Cada lunes, críticas y recomendaciones de las mejores películas de 2011, de estreno durante el fin de semana en la cartelera en nuestros cines, en culturaencadena.
Un dossier completo sobre la película de estreno más destacada y, a partir del próximo lunes, "EL REPASO" al resto de las novedades de cine en nuestro país (nueva sección de cultura en cadena).
Esta semana era una de aquellas en las que al comprobar los títulos de la cartelera te daban ganas de pegarte un tiro, pero, afortunadamente, de vez en cuando te salvas justo antes de apretar el gatillo...
En esta ocasión, quien me ha rescatado ha sido Sylvain Chomet y su película El ilusionista (L'illusionniste, 2010), cinta animada de 2010 que rescata un guión nunca publicado del director francés Jacques Tati. Aviso ya de antemano que desconocía la obra de Chomet, y que tampoco soy asiduo al cine de Tati, pero, sinceramente, creo que eso es lo de menos.
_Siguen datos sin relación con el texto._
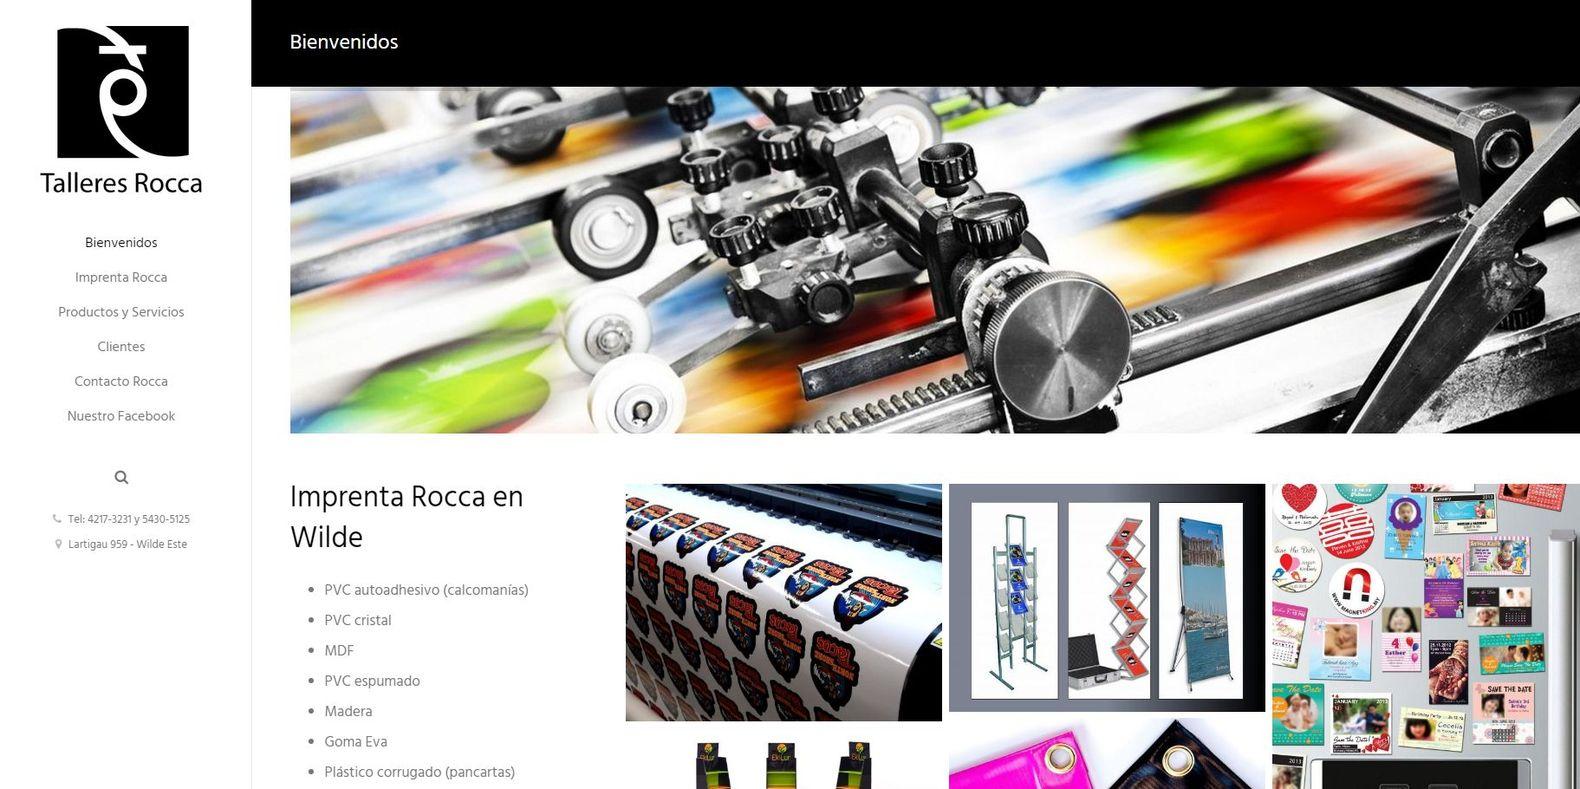 imprenta-rocca-grafica-wilde-svnets

Cuando alguien critica una película se puede limitar a comentar las múltiples influencias que ha descubierto en la misma, jactarse de sus conocimientos en historia del cine y establecer fabulosos vínculos con la filosofía y quien sabe si hasta con la física cuántica. Para mí, analizar una película es algo muy distinto: es describir lo que se ha sentido mientras se ha visto, expresar las ideas que ha despertado en tu cabeza, detallar los vaivenes que ha experimentado tu alma a medida que avanzaba el film. En ese vínculo emocional está la verdad última y de ahí surge tu valoración. 'El ilusionista' es una película que parece pensada específicamente para ese tipo de crítica. Se proyecta directamente al corazón.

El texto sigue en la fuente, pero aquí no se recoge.